Features of rainfall and latent heating structure simulated by two convective parameterization schemes

Abstract

Using the latest version of SAMIL (Spectral Atmosphere Model of IAP LASG) developed by LASG/IAP, we evaluate the model performance by analyzing rainfall, latent heating structure and other basic fields with two different convective parameterization schemes: Manabe Scheme and Tiedtke Scheme. Results show that convective precipitation is excessively overestimated while stratiform precipitation is underestimated by Tiedtke scheme, thus causing less stratiform rainfall proportion compared with TRMM observation. In contrast, for Manabe scheme stratiform rainfall belt is well simulated, although precipitation center near Bay of Bengal (BOB) spreads eastward and northward associated with unrealistic strong rainfall downstream of the Tibet Plateau. The simulated latent heating structure indicates that Tiedtke scheme has an advantage over Manabe scheme, as the maximum convective latent heating near middle of troposphere is well reproduced. Moreover, the stratiform latent heating structure is also well simulated by Tiedtke scheme with warming above freezing level and cooling beneath freezing level. As for Manabe scheme, the simulated maximum convective latent heating lies near 700 hPa, lower than the observation. Additionally, the warming due to stratiform latent heating extends to the whole vertical levels, which is unreasonable compared with observation.

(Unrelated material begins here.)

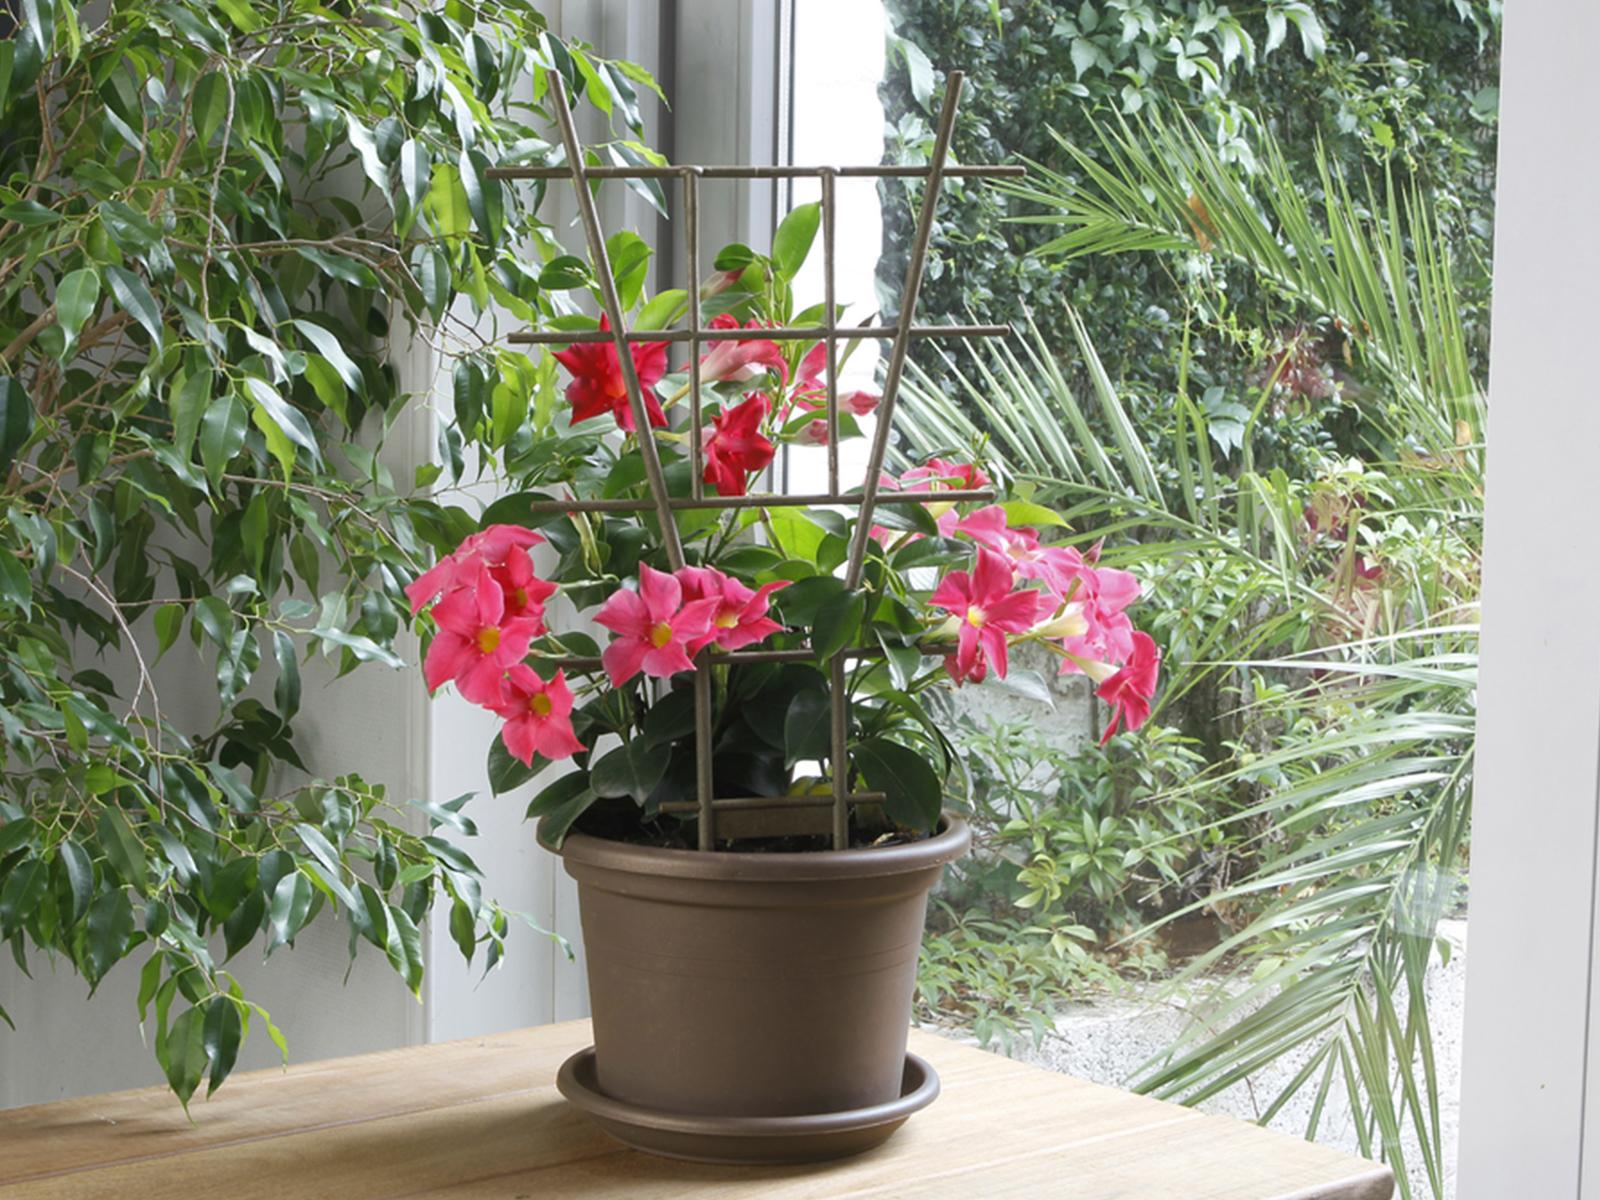 Létra formájú virágfuttató növénytámasz

Taylor diagram further indicates that Tiedtke scheme is superior to Manabe scheme as higher correlation between model output and observation data is achieved when Tiedtke scheme is employed, especially for the temperature near 200 hPa. Finally, a possible explanation is addressed for the unrealistic stratiform rainfall by Tiedtke scheme, which is due to the neglect of detrained cloud water and cloud ice during convective process. The speculation is verified through an established sensitivity experiment.